Data’s most fundamental representation is “state” where it represents the particular condition something is in at a specific time.  I love Hugh’s work @gapingvoid (below) representation  Information is knowing that there are different “states” (on/off). Knowledge is finding patterns and connections.  Insight knows comparatives to state. Wisdom is the journey.  We live in the hope that the data we have will have an impact.

For a while, the data community has rested on two key characteristics of data: non-rivalrous (which plays havoc with our current understanding of ownership) and non-fungible (which is true if you assume that data carries information.)  Whilst these are both accurate observations; they are not that good as universal characteristics.

  • Non-rivalrous. Economists call an item that can only be used by one person at a time as "rivalrous." Money and capital are rivalrous. Data is non-rivalrous as a single item of data can simultaneously fuel multiple algorithms, analytics, and applications.  This is, however, not strictly true. Numerous perfect copies of “data” can be used simultaneously because the marginal cost of reproduction and sharing is zero.   

  • Non-fungible. When you can substitute one item for another, they are said to be fungible.  One sovereign bill can be replaced for another sovereign bill of the same value; one barrel of oil is the same as the next.  So the thinking goes, data is non-fungible and cannot be substituted because it carries information.  However, if your view is that data carries state (the particular condition that something is in at a specific time), then data is fungible. Higher-level ideals of data that is processed (information, knowledge, insights) are increasingly non-fungible.

Money as a framework to explore the purpose of data  

Sovereign currency (FIAT), money in this setting, has two essential characteristics.  It has rivalrous and fungible.  Without these foundational characteristics, money cannot fulfil its original purpose (it has many others now); a trusted exchange medium.  Money removes the former necessity of a direct barter, where equal value had to be established, and the two or more parties had to meet for an exchange.  What is interesting is that there are alternatives to FIAT which exploit other properties.  Because of fraud, we have to have security features, and there is a race to build the most secure wall.
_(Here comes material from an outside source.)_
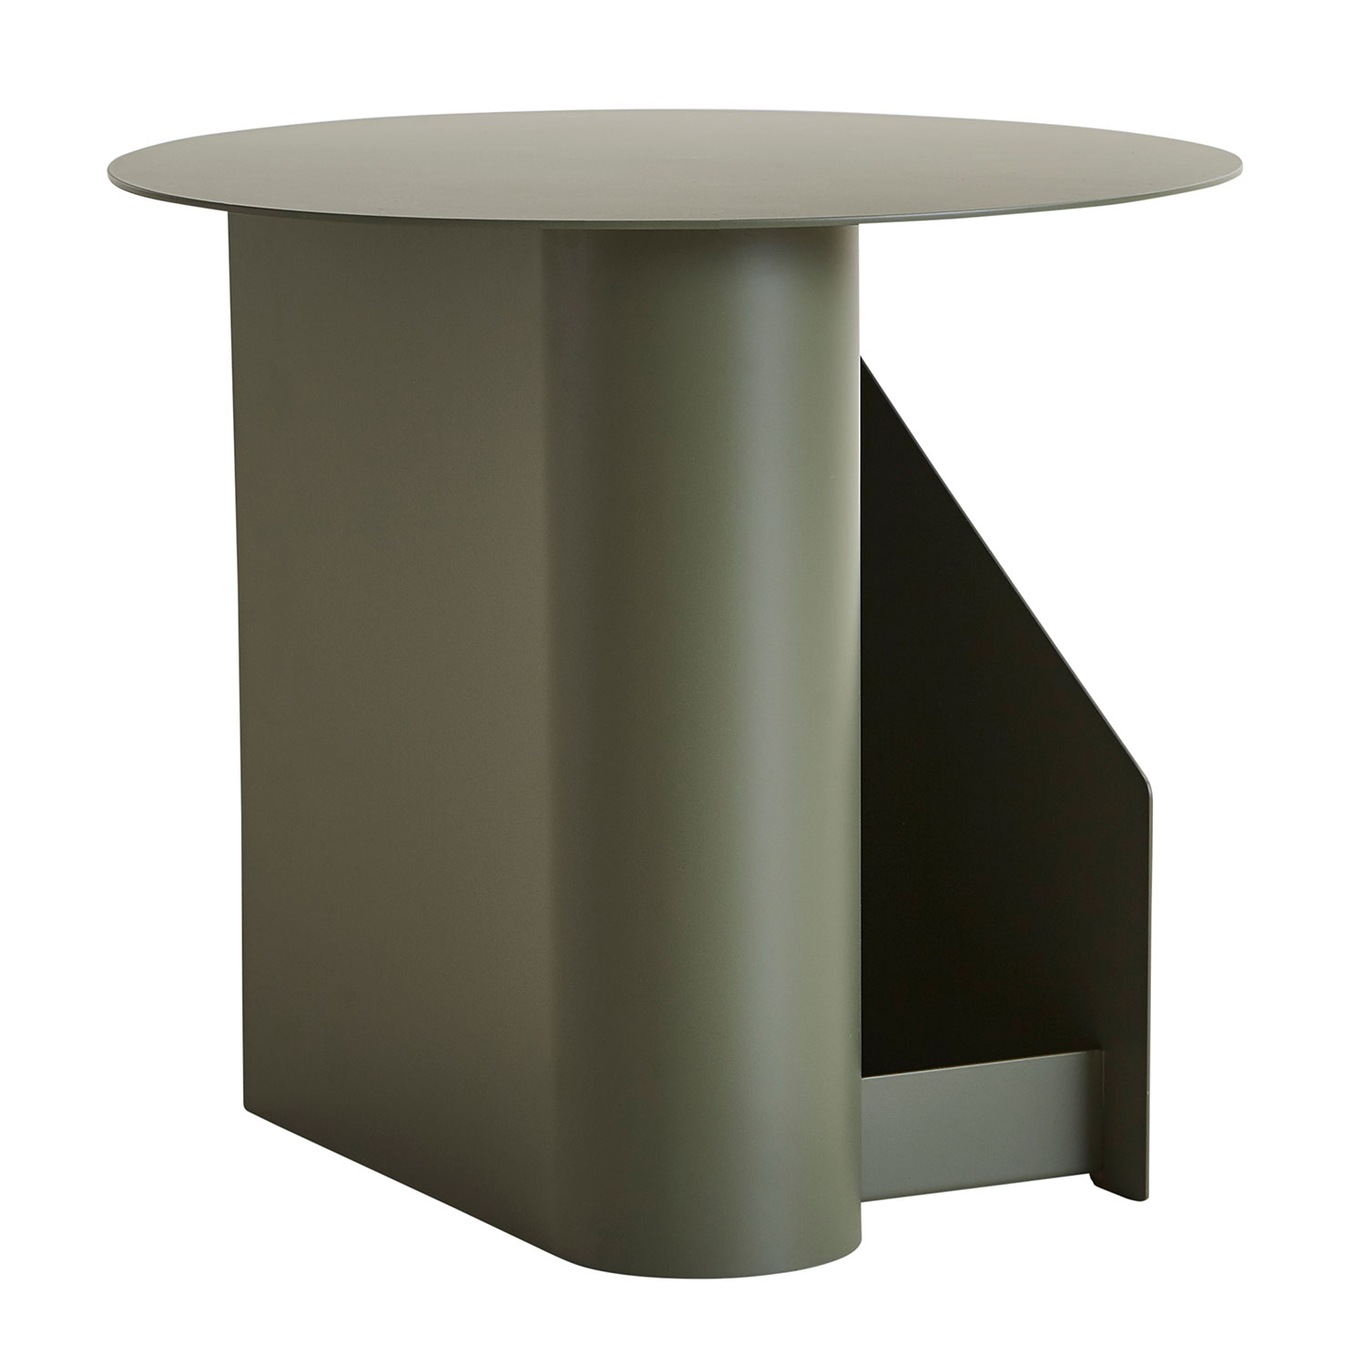 Sentrum Side Table, Dusty Green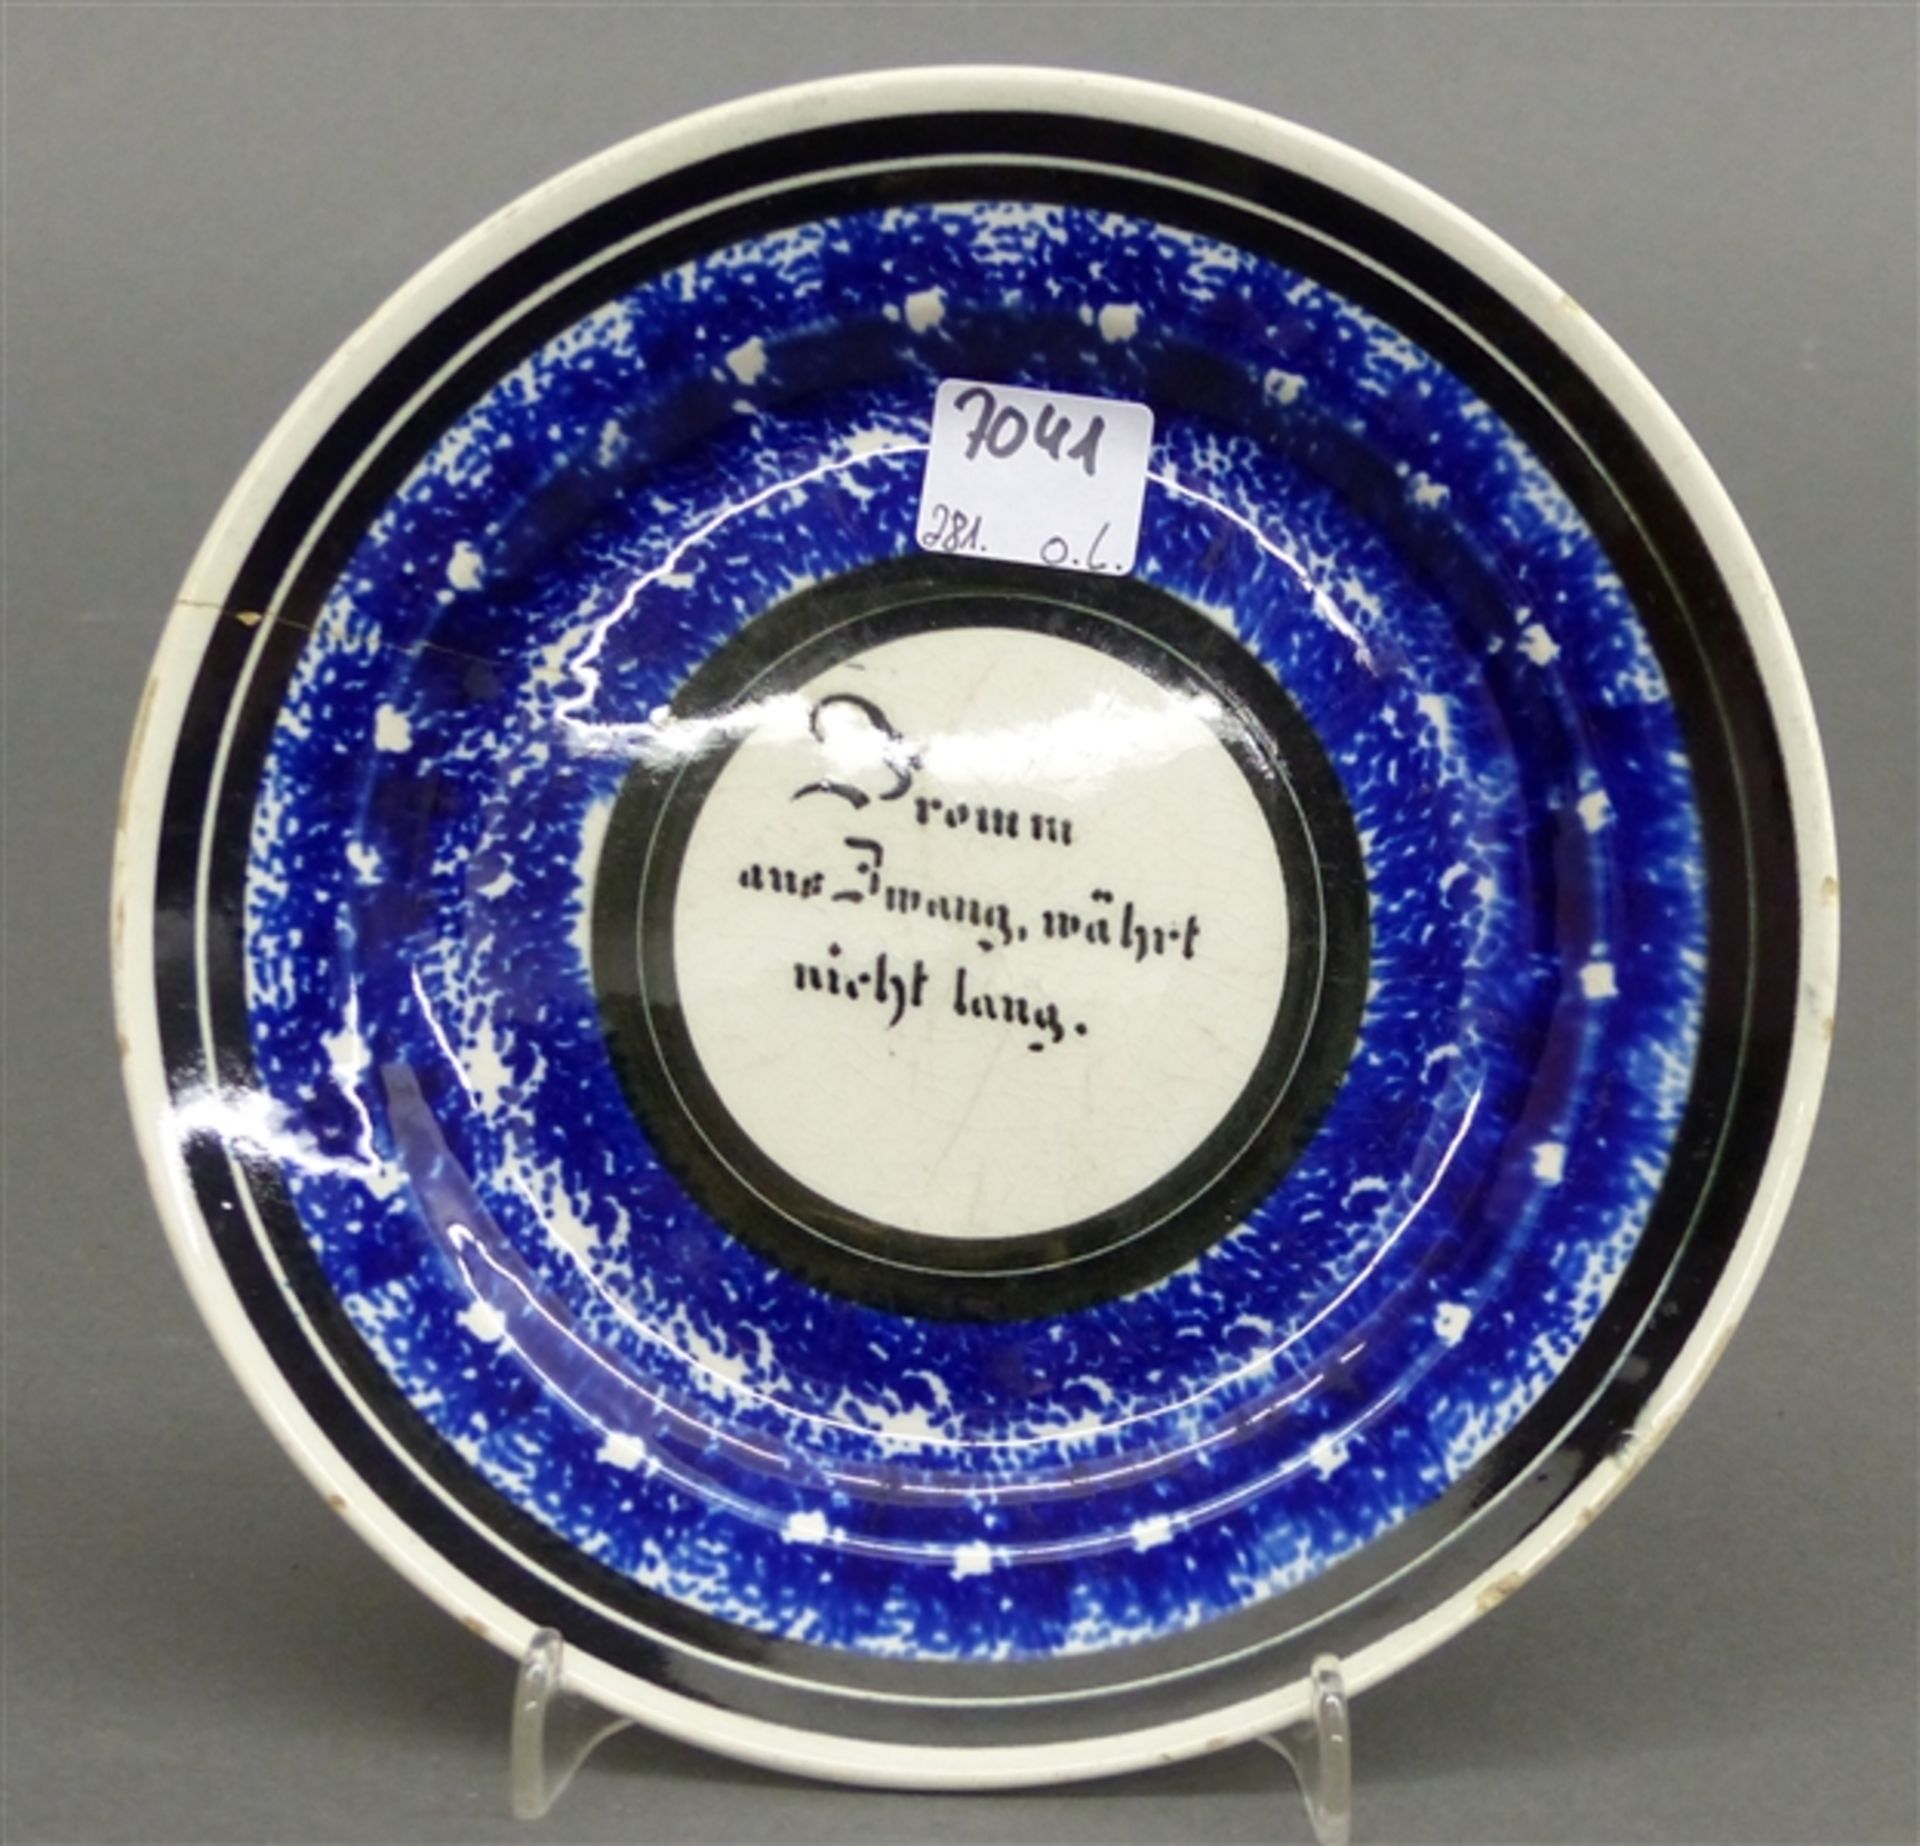 Sinnspruchteller Keramik, blaues Dekor, "Fromm aus Zwang, währt nicht lang" beschädigt, d 18 cm,

[Just as a side note - money is an abstraction and part of the rationale for a balance sheet was to try to connect the abstraction back to real things. Not sure that works any more]

Revising the matrix “what problem is to be solved?” 

Adding these other options of exchange onto the matrix, we have a different way to frame what problem each type of currency offers as a method of exchange mechanism. This is presented in the chart below.  Sand and beans can be used, but they provide a messy tool compared to a sovereign currency.  Crypto works, and it solves the problem, but without exchange to other currencies, it had fundamental limits.  

If we now add digital data and other aspects of our world onto the matrix, we have a different perspective. We all share gravity, sunsets and broadcast TV/ radio on electromagnetic waves.  However, only one atom can be used at a time, and that atom is not-interchangeable (to get the same outcome.)  The point is that digital data is not in the same quadrant as sovereign currency and electrons as a beautiful solution based on being fungible and rivalrous.  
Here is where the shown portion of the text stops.